Let’s start with David Souter, a lifelong bachelor who had the temerity to venture into the thicket of interior design in the McCreary County case from Kentucky (all of us married men know better than to offer opinions on this subject). The county had put the Ten Commandments on display in its courthouse, in the midst of other documents collectively making up an exhibit titled “Foundations of American Law and Government.” One of the other documents was the text of the Star-Spangled Banner, which prompted this snort of aesthetic disapproval from Souter: “it is at least odd to include a patriotic anthem, but to omit the Fourteenth Amendment, the most significant structural provision adopted since the original Framing.”
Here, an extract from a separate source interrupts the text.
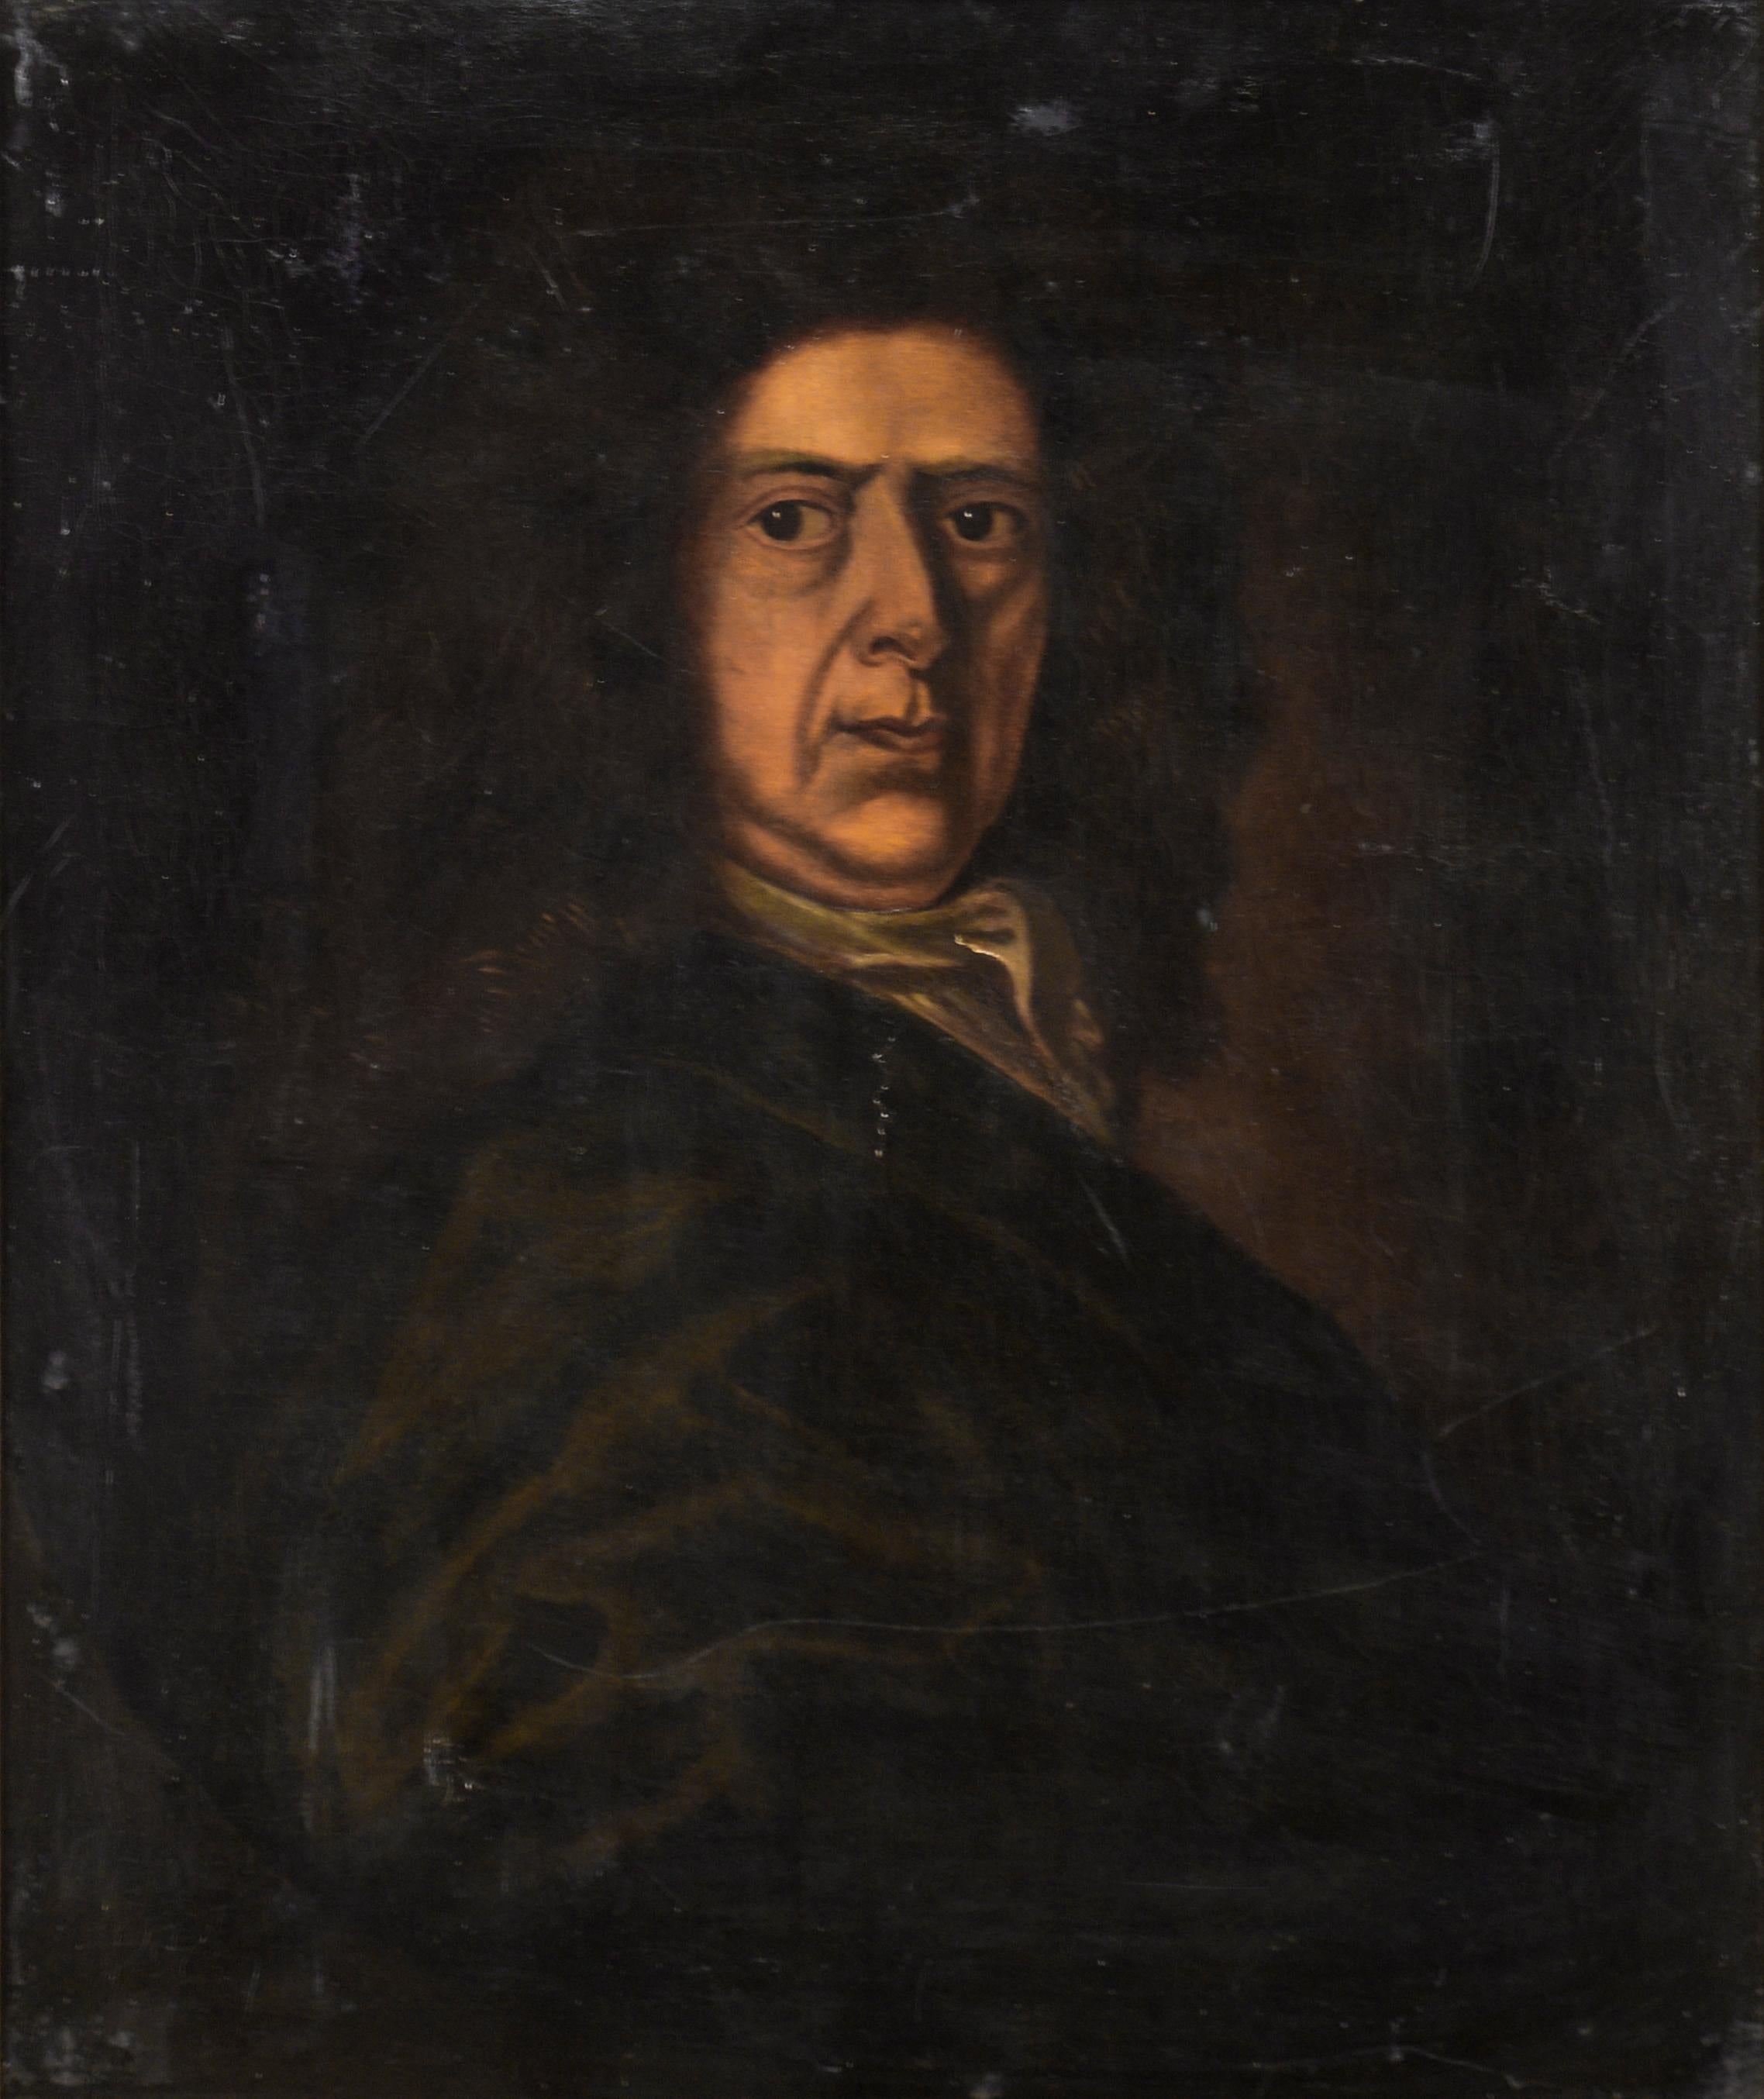 Porträt eines englischen Gentleman „Sir“  – Painting von English school 18th century

This is a very strange bit of obiter dictum (Latin for “I have professional typesetters in the basement and can say what I damned well please”). Some might nominate other amendments (any bids for the 16th? 17th? 19th? 22nd?) as the most significant additions to the Constitution “since the original Framing.” And if we’re going to be strict about what was in the “original Framing,” how about the Bill of Rights, which was literally an afterthought? (The county had already included the Bill of Rights in its exhibit, but that didn’t give Souter pause.)

But Souter’s comment here was really an unintended revelation of the extent to which the Court relies on the Fourteenth Amendment as the purported basis of its constitutional rulings–probably for more than half of them. Of course that amendment is “the most significant” to Souter: it keeps him in business. For one thing, its due process clause is the vehicle for the fraudulent “incorporation” doctrine that made it possible for the Court to interfere yesterday in the internal affairs of Texas and Kentucky.

But McCreary County was not posting a law-school curriculum on its courthouse walls. It was reminding citizens of milestone documents of historic and symbolic importance in the American story of law and politics, patriotism and morality, whether they embodied judicially enforceable texts or not. In that light the Star Spangled Banner is a perfectly natural choice–and only a lawyerly nerd would instead choose the Fourteenth Amendment. The national anthem is hard enough to sing at ball games. Anyone care to try putting section 4 of the amendment to music? “The validity of the public debt of the United States, authorized by law, including debts incurred for payment of pensions and bounties for services in suppressing insurrection or rebellion, shall not be questioned . . .”

But Souter wasn’t finished yet with his lecture in the higher criticism. He went on to profess himself “puzzled” by the county’s statement that the influence of the Ten Commandments may be “clearly seen” in the Declaration of Independence (also a part of the exhibit). What? What? There’s no God in that there Declaration, he opined: “the Commandments are sanctioned as divine imperatives, while the Declaration of Independence holds that the authority of government to enforce the law derives ‘from the consent of the governed.’”

Who sabotaged Justice Souter’s copy of the Declaration? In my copy, the first paragraph justifies the independence of America under “the Laws of Nature and of Nature’s God.” Three other references to God appear in the Declaration: as “Creator,” as “Supreme Judge of the World” (take that, you robed ninnies), and as “divine Providence.”

From what source does Souter think the people derive their authority over their government, via that “consent of the governed” of which he makes so much? They get it from the fact that they were created equal, as bearers of natural rights antecedent to all human laws and government. In other words, in the view of the signers of the Declaration, all political authority is grounded in principles for which God is responsible as our Creator.

Perhaps we can schedule a tutorial in American political principles for Justice Souter, conducted by the folks responsible for decorating the courthouse in McCreary County, Kentucky.